To help Elaine break up with Dr. Reston, Kramer calls Reston, posing as her boyfriend. Kramer puts on a show of intimidating Reston, but Reston's off-screen replies turn Kramer deferential. Kramer accommodates Reston's request to speak in person, forgetting that he is free to refuse.

Despite not having his wallet, Morty fights with Jerry for the restaurant check as always; this proves futile when the maître d' turns down Morty's promise to pay by mail. Meanwhile, Jerry corners Leo in the men's room and demands to buy the watch back for far more than it's worth, but Morty catches them in the act. Later, Jerry indeed asks the hostess out, but discovers too late her bizarre, cartoonish laugh.

George seizes the concierge phone at Dalrymple's highrise apartment building and begs to be let in. Interrupting Dalrymple's dinner, George blathers on as if to close the deal, even as Dalrymple offers him nothing. With his dinner companion growing bored, Dalrymple finally agrees to George undercutting the original price, so that he will leave.

At Reston's office, Kramer is beguiled into gladly endorsing Reston and Elaine as a couple. Waiting downstairs, Elaine encounters "Crazy" Joe Davola, knowing nothing about him, and they hit it off. Davola consults Reston after Kramer, and gushes over his newfound love for Elaine.

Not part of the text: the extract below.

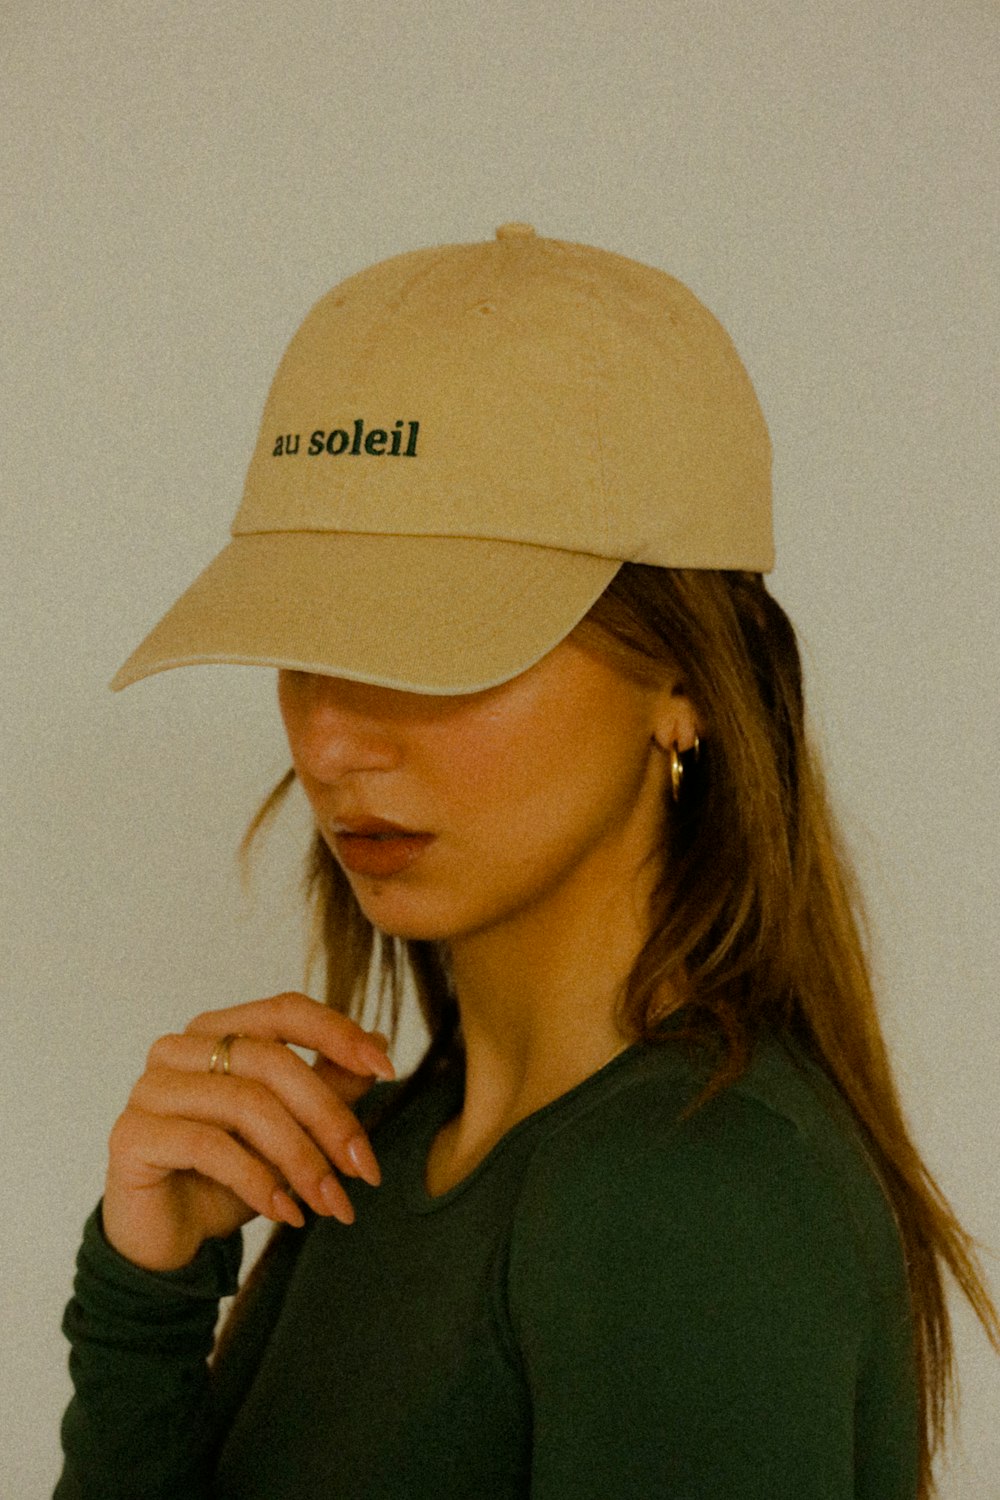 Une femme portant un chapeau avec le mot Solei dessus

Morty and Helen accept Jerry's apology, while George eats crow for his self-sabotage with NBC. Jerry thoughtfully replaces Morty's lost wallet, secretly loaded with money to also reimburse his lost cash. Seeing Velcro on the wallet, Morty sours on the gift and throws it away without looking inside. Uncle Leo, who is driving Morty and Helen to the airport, fishes the wallet out of the trash.